▸ Data excerpt
━━━━━━━━━━

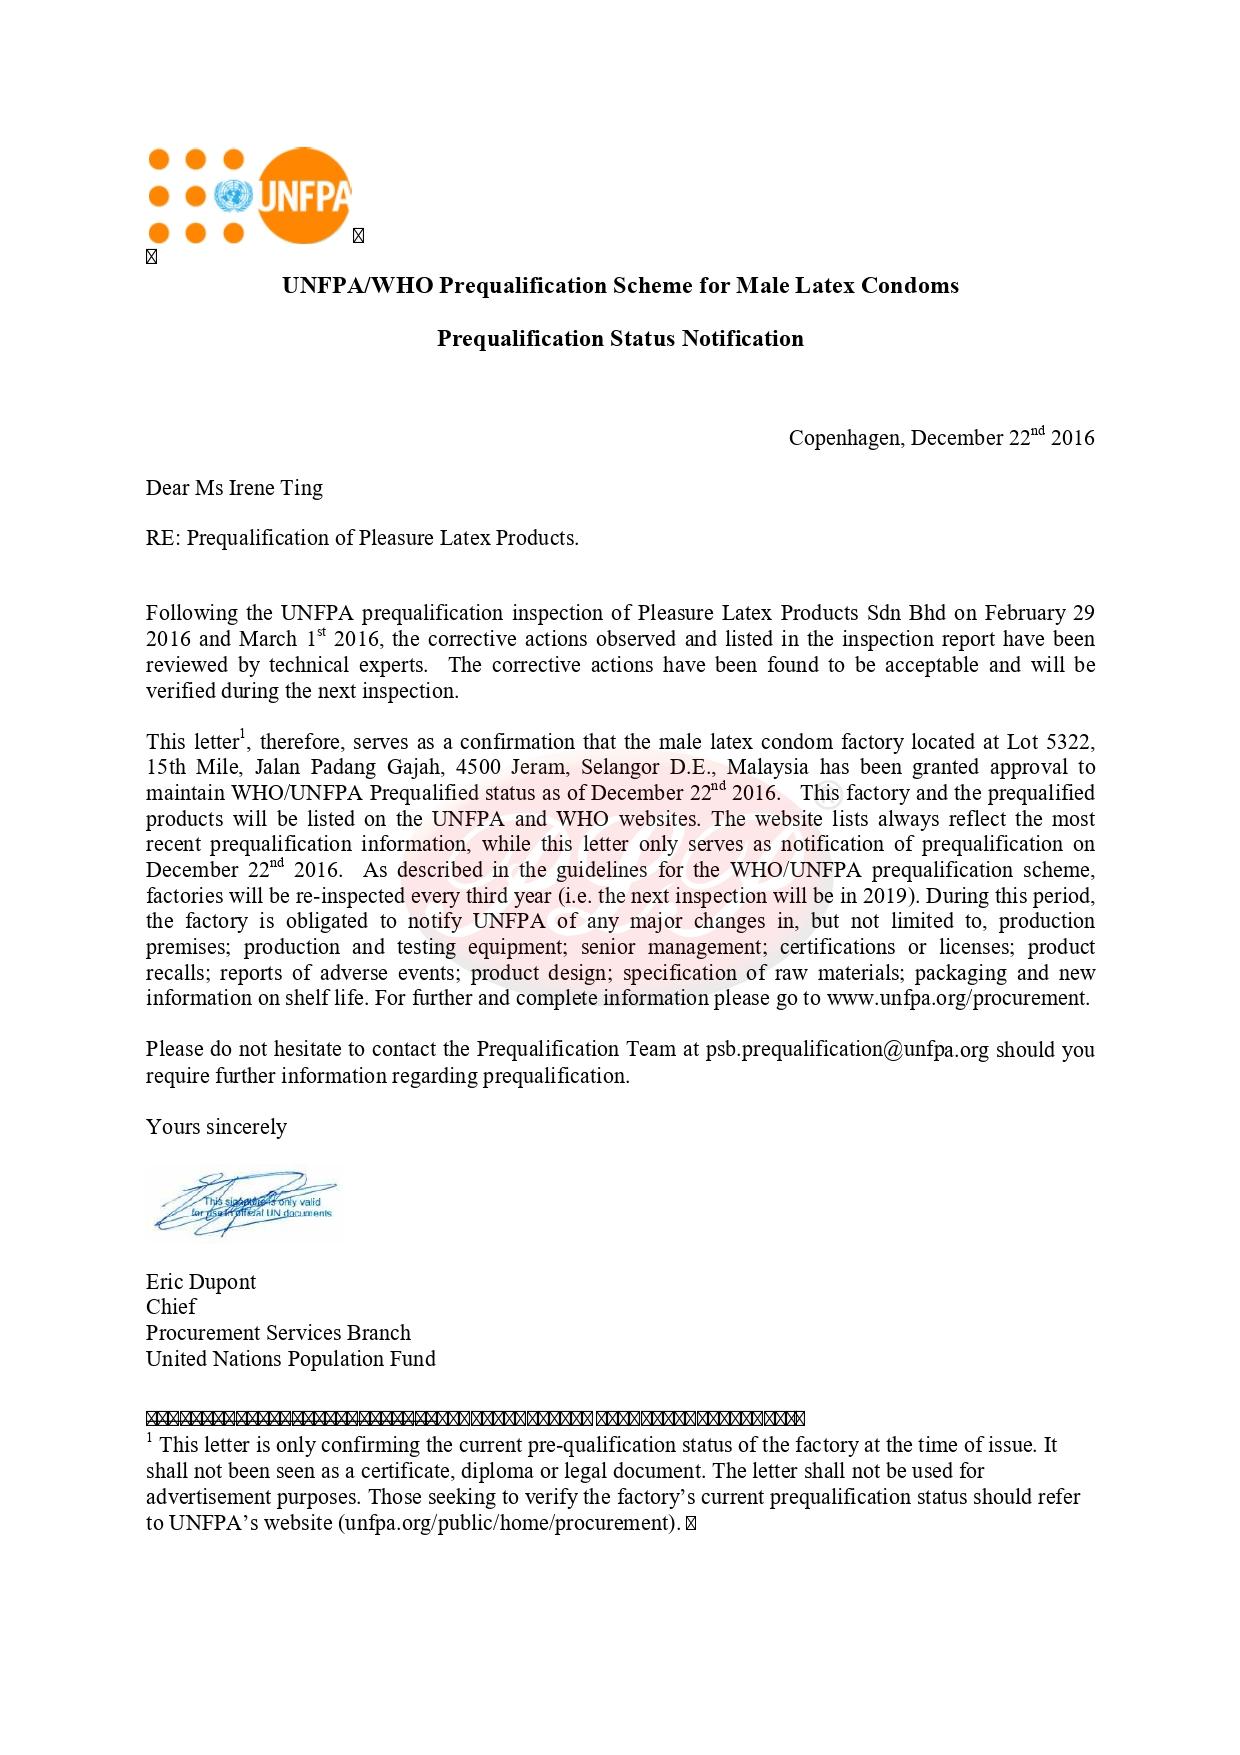 Notice of WHO_UNFPA Prequalification_Pleasure Latex
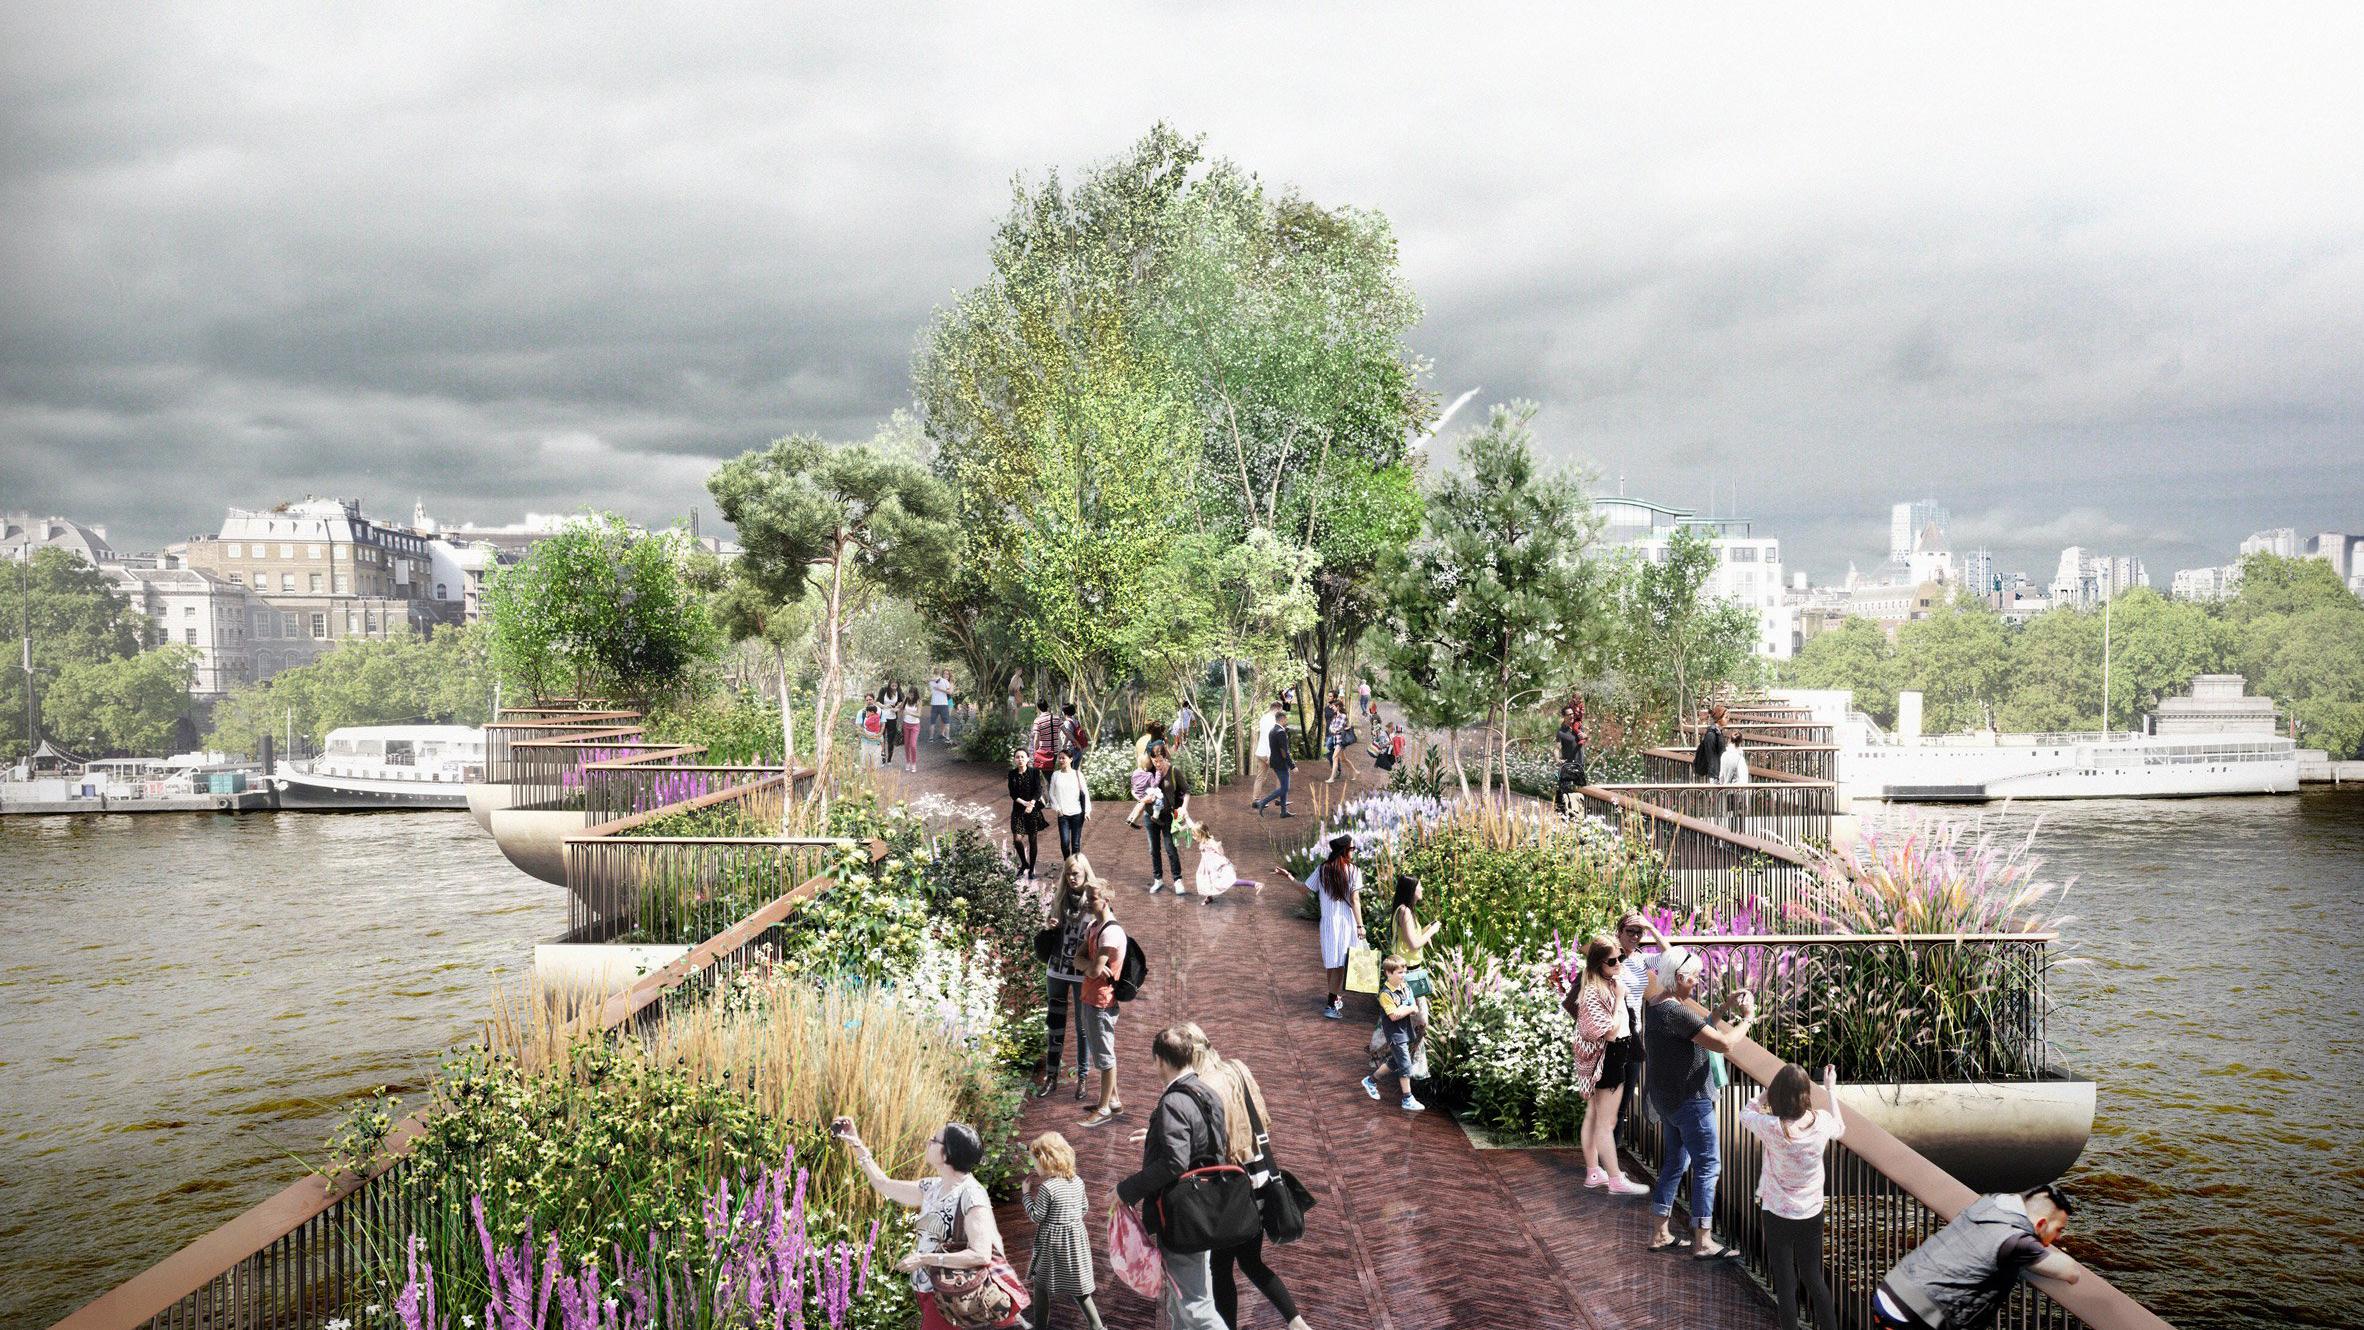 Apple store was proposed for Garden Bridge in return for sponsorship
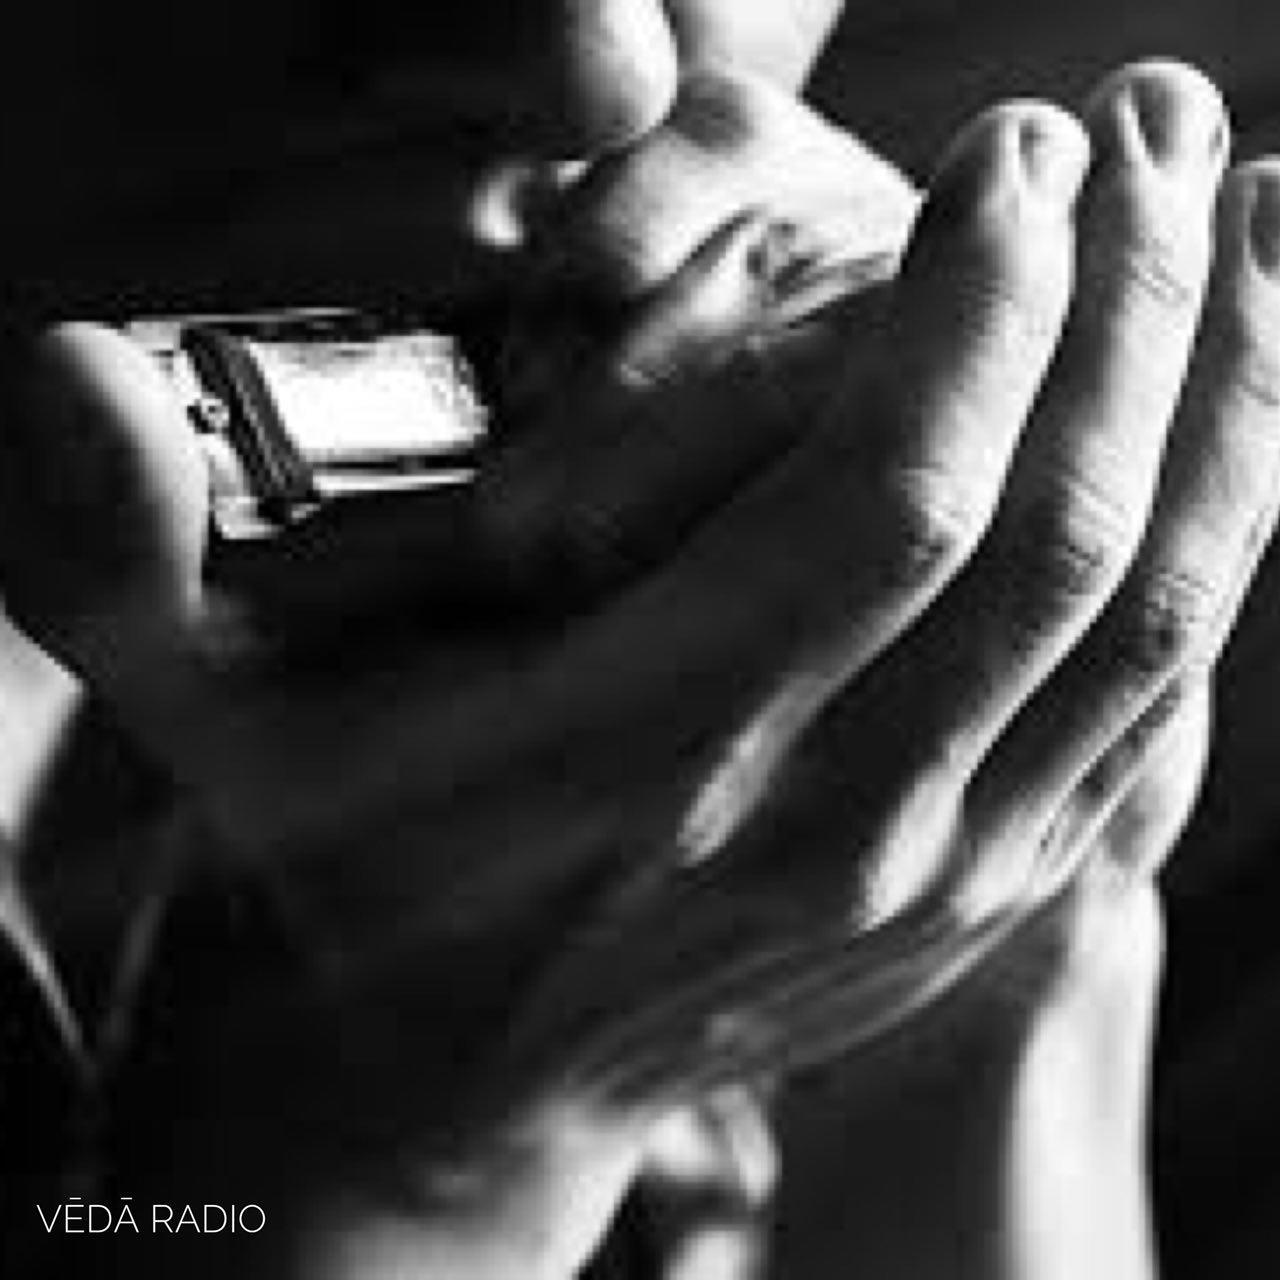 Harmonica   Veda Radio mp3 image رادیو نت هارمونیکا

━━━━━━━━━━

▸ Work required
The data above must be reproduced exactly, without any of its pictures.

▸ Response to the task
 Notice of WHO_UNFPA Prequalification_Pleasure Latex
 Apple store was proposed for Garden Bridge in return for sponsorship
 Harmonica   Veda Radio mp3 image رادیو نت هارمونیکا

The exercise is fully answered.